DATA SEGMENT:
[Start of Attachment]
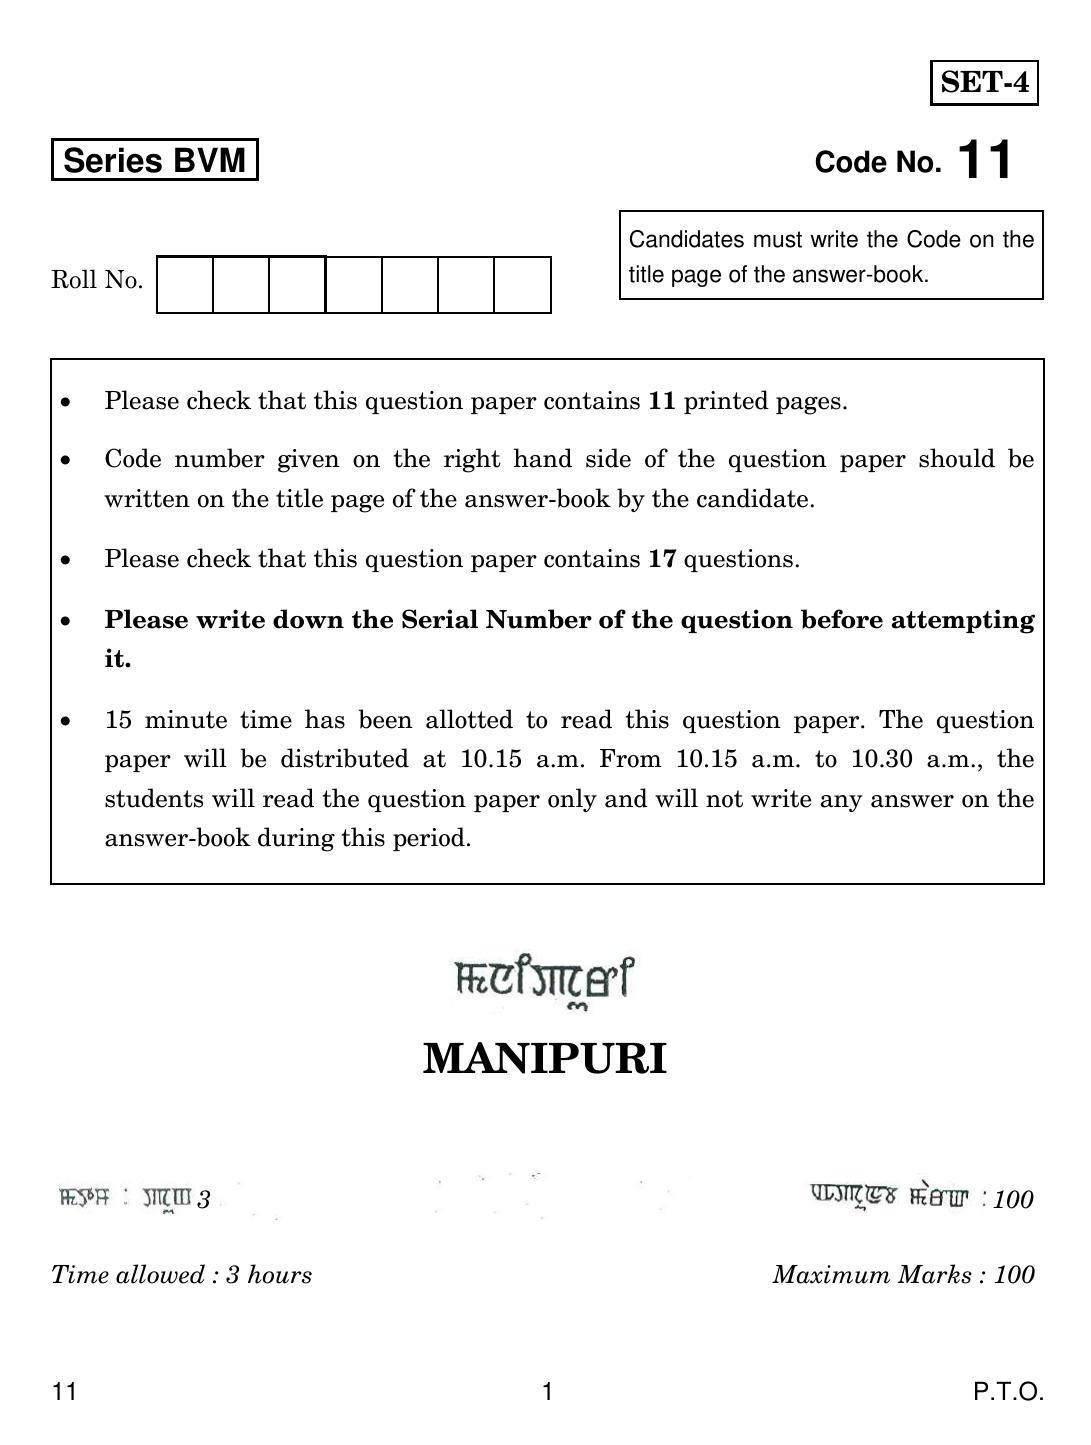 CBSE Class 12 11 Manipuri_compressed 2019 Question Paper - Page 1
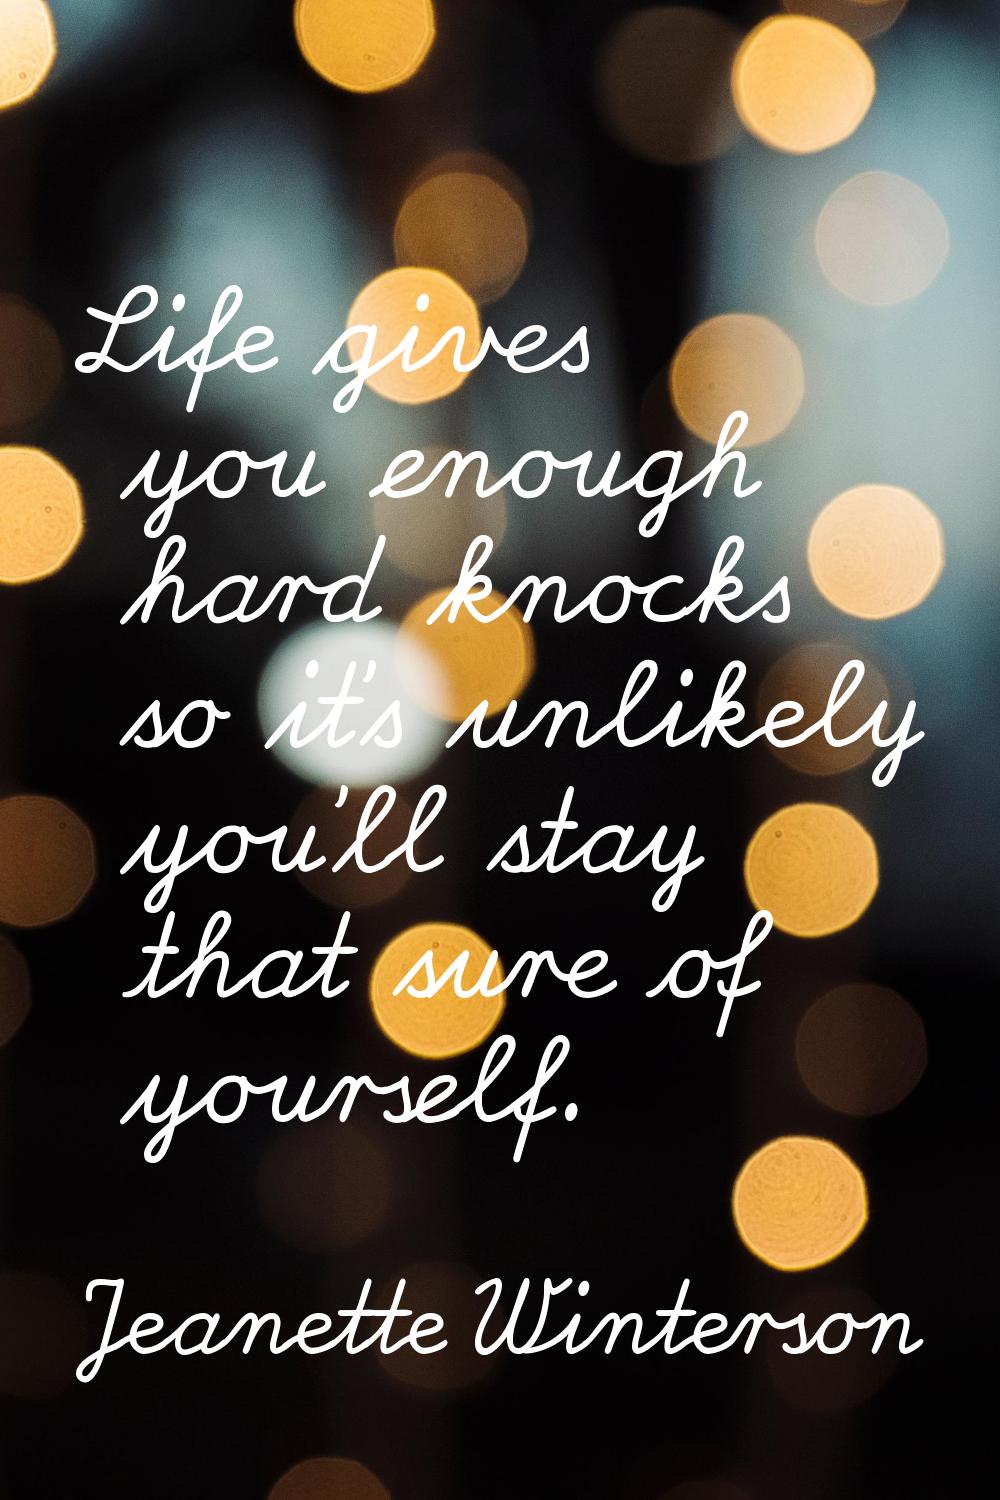 Life gives you enough hard knocks so it's unlikely you'll stay that sure of yourself.
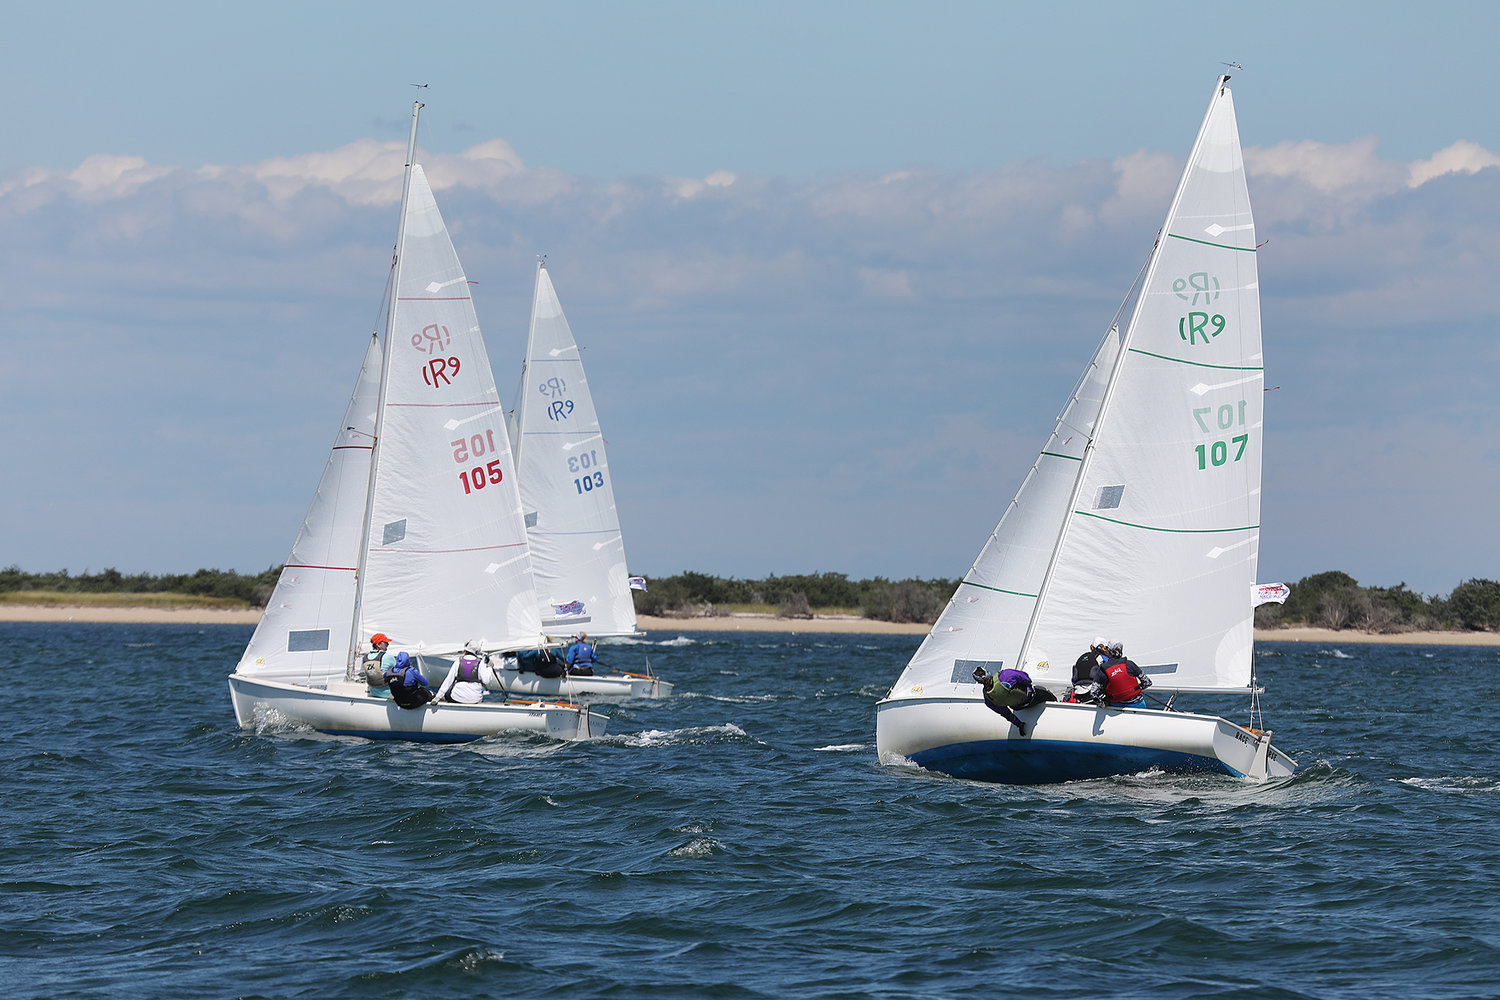 Boats race during the Women's Regatta in the harbor on Thursday.
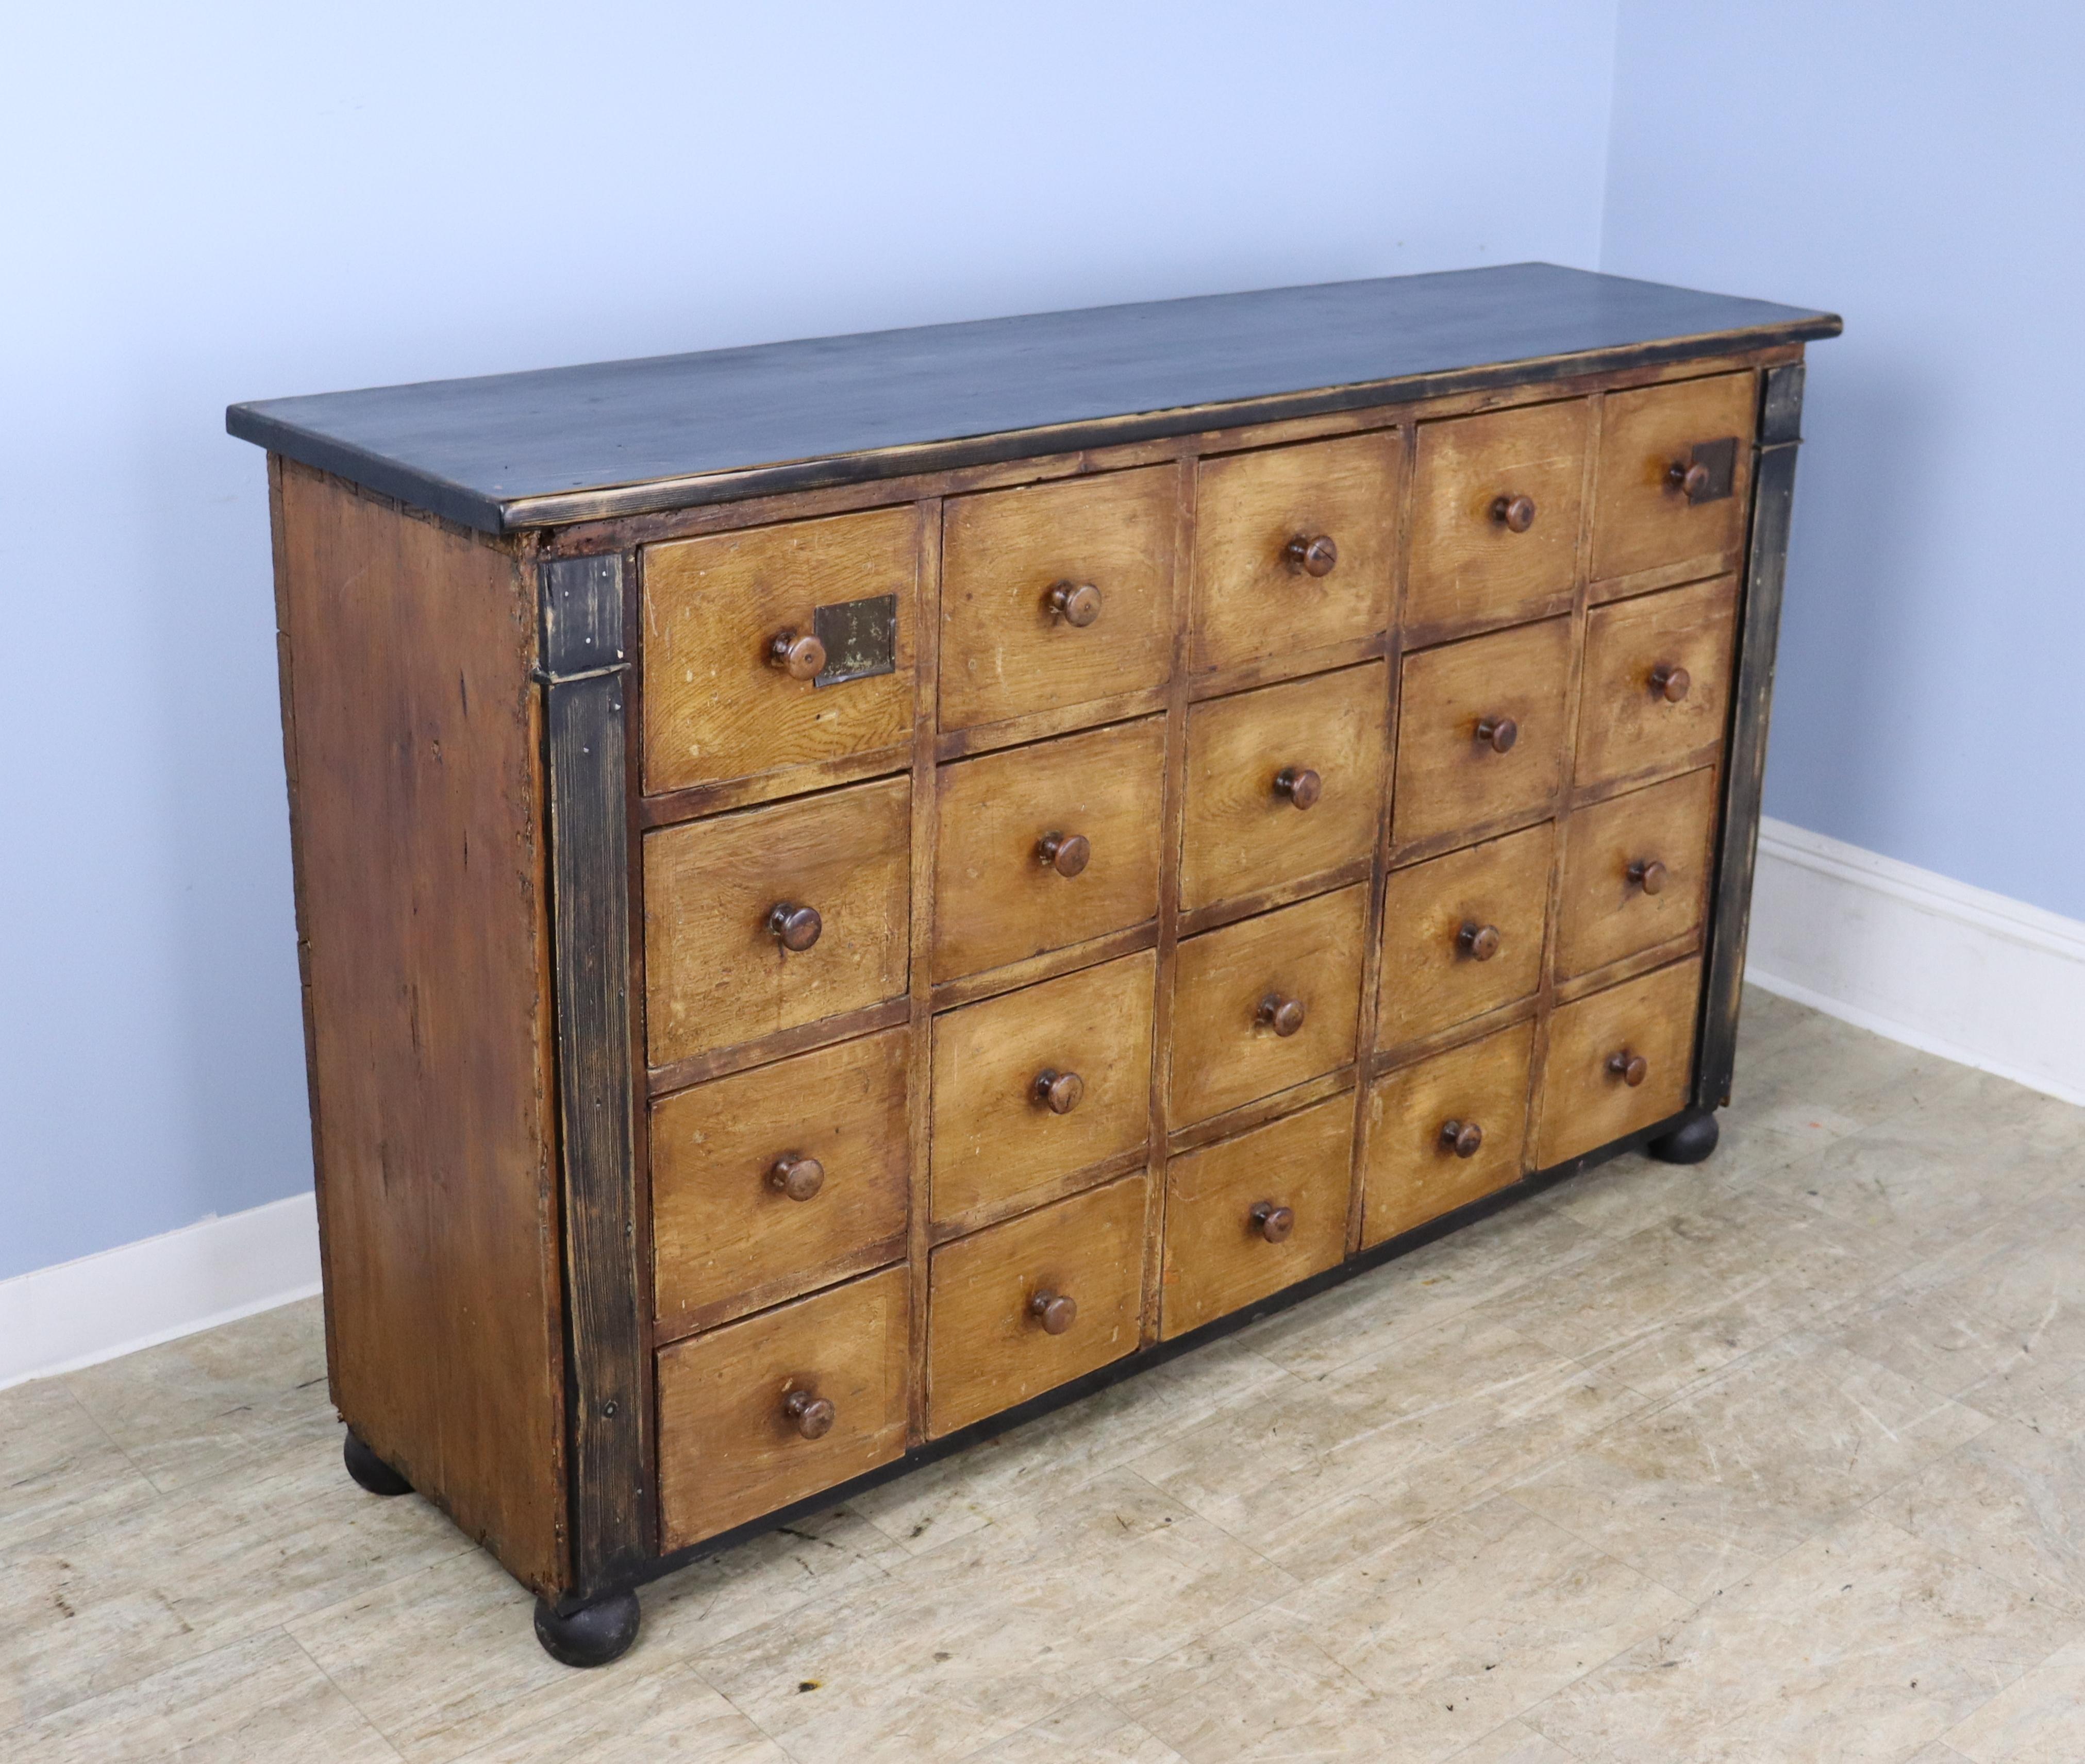 An imposing flight of 20 drawers, just the right depth and length to act as an interesting storage and case piece. The top is new and faux distressed. The paint on the drawers is original, and there are remnants of the old colored powders that were
[End of Attachment]
AIM OF THE EXERCISE:
Please retype the material above exactly, and omit its images.

OUTPUT OF THE TASK:
 CBSE Class 12 11 Manipuri_compressed 2019 Question Paper - Page 1
 Life gives you enough hard knocks so it's unlikely you'll stay that sure of yourself.
 Boats race during the Women's Regatta in the harbor on Thursday.
 An imposing flight of 20 drawers, just the right depth and length to act as an interesting storage and case piece. The top is new and faux distressed. The paint on the drawers is original, and there are remnants of the old colored powders that were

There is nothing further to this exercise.